С тоски словеса плодишь.
А то и радуешься — сидишь —
незнамо чему. Глядишь —
а поступь у жизни — уже строга.
А в склянице взгляда — лед.
А то — сшибавшее берега,
питавшее столько лет,
как прорву, стойкий ее порок
и крови сорочий крик
словесное млеко — уже творог.
А сверстник — уже старик.
И нароешь номер, и видишь: стерт.
И лопаешь люминал.
И шепчешь: это еще фальстарт.
А это — уже финал.
* *
*
Неуловимо.
Неощутимо.
Неизреченно.
Неотвратимо.
Непостижимо.
Неизмеримо.
Недостоверно.
Неоспоримо.
Несокрушимо.
Неодолимо.
Ненасытимо.
Неутолимо.
Неукротимо.
Неугасимо.
Немилосердно.
Невыносимо.
Недолговечно.
Неудержимо.
Невозвратимо.
Недостижимо.
Неизгладимо.
Невосполнимо.
И что это было —
необъяснимо.
* *
*
Е. Лапшиной.
В челне печали, в миру которому имя — amour,
минуя артериальный Стикс и венозный Коцит,
живою плотью грели гранит, обнимали мрамор…
А если жажда одолевала — вкушали оцет…
Целили раны, сгрызали узы, срывали цепи…
Сводя просодию просто счастья до просто текста.

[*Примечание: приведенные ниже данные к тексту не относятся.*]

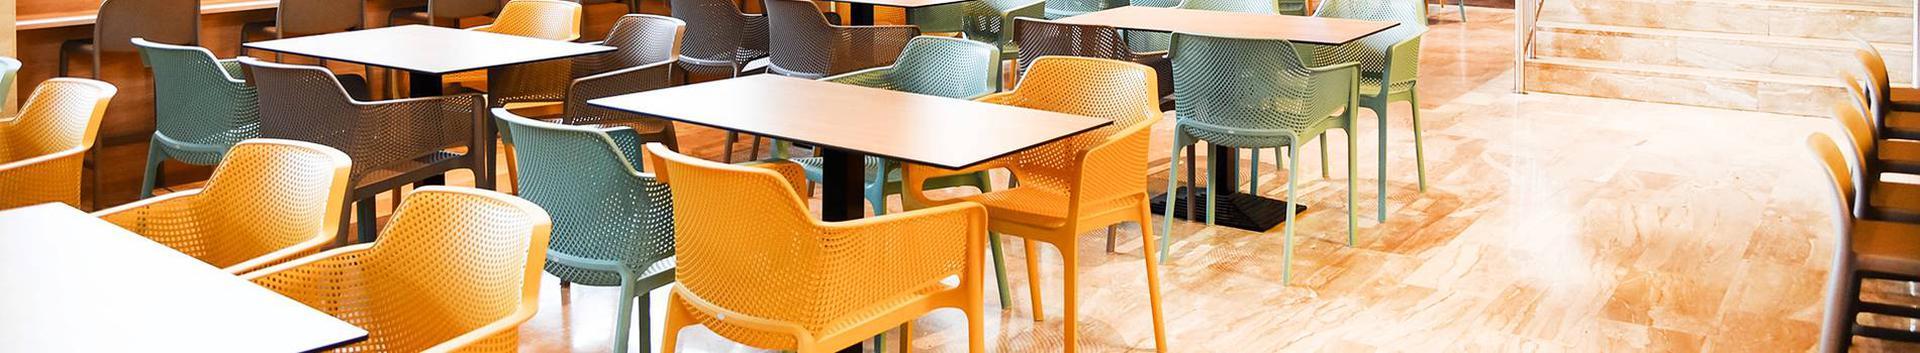 56101_toitlustus-restoran-jm-_54571697_xl.jpg
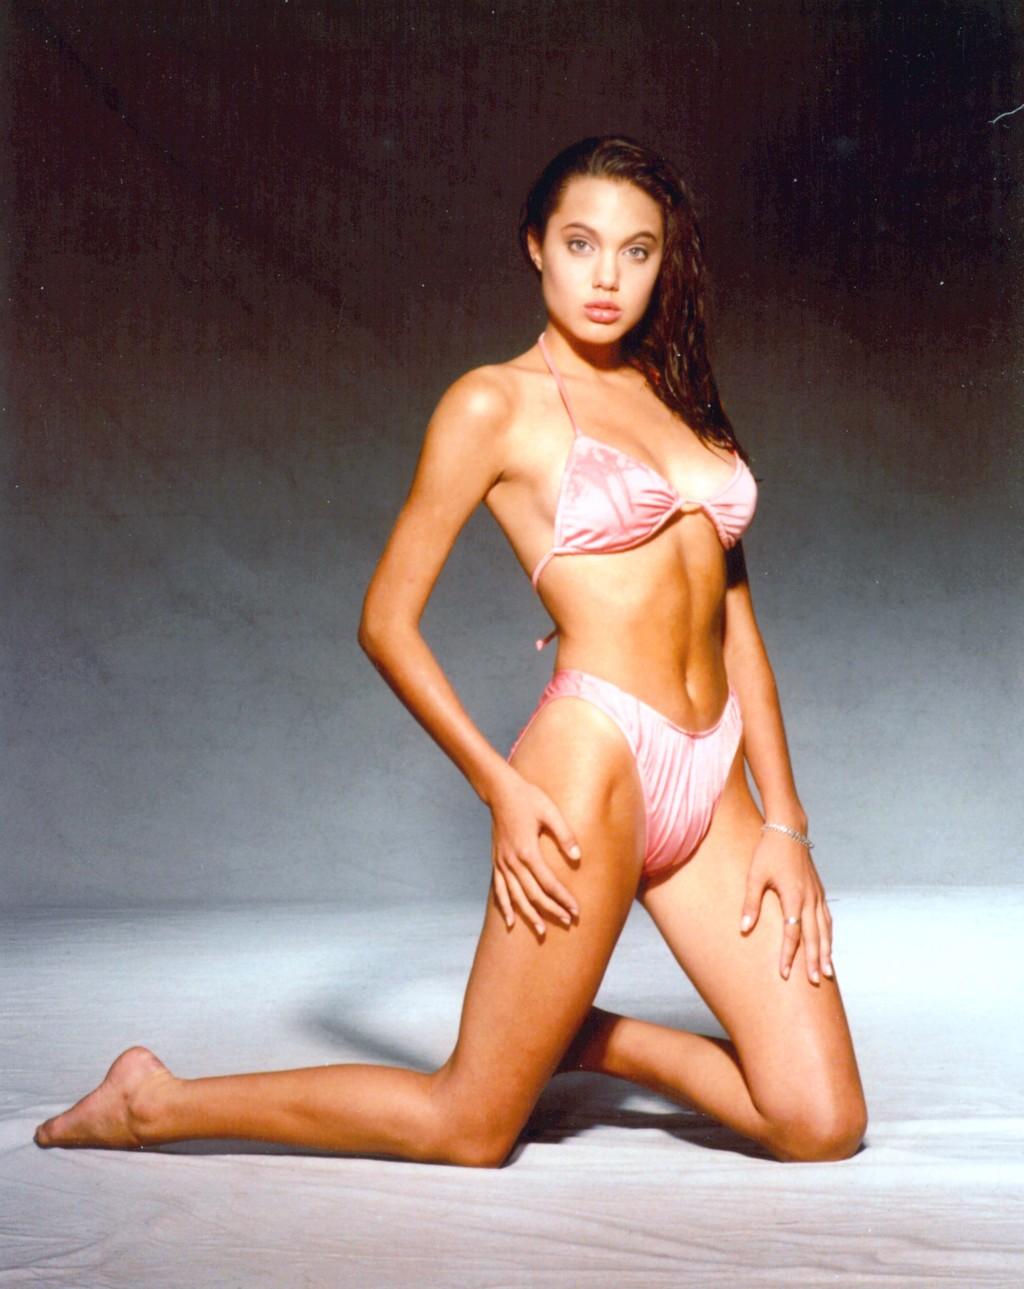 Die heiesten Beach Bodys: Stars im Bikini - Bilder - Jolie

Тремя перстами крестили спины, стелили степи
наивных прописей, каждою буквою благословляя бегство.
А после, чопорно примеряя одёжу вдовью,
дряхлея в омуте зазеркалья (а были — девы!),
теряли годы и это звали земной любовью.
(А были — девы. А будто вдовы — рыдали: где вы!)
И — Боже правый, какою дрожью, какою дрожью,
какою болью неизреченной, какою болью
платили смерти — ее безвременью, бездорожью,
ее безлюбью, ее надгробью, ее подполью!..
Но — Боже правый, какою кровью, какою кровью
все ж созерцали — какие крины, какие кроны,
врата какие, какие стены, какую кровлю,
в каком чертоге нерукотворном —
за эти раны! —
в ладье победы, в легчайшей лодке очарованья
уже без боли минуя зримое и земное,
минуя мнимое, незабвенное, плотяное,
имея явное и иное, чему названья…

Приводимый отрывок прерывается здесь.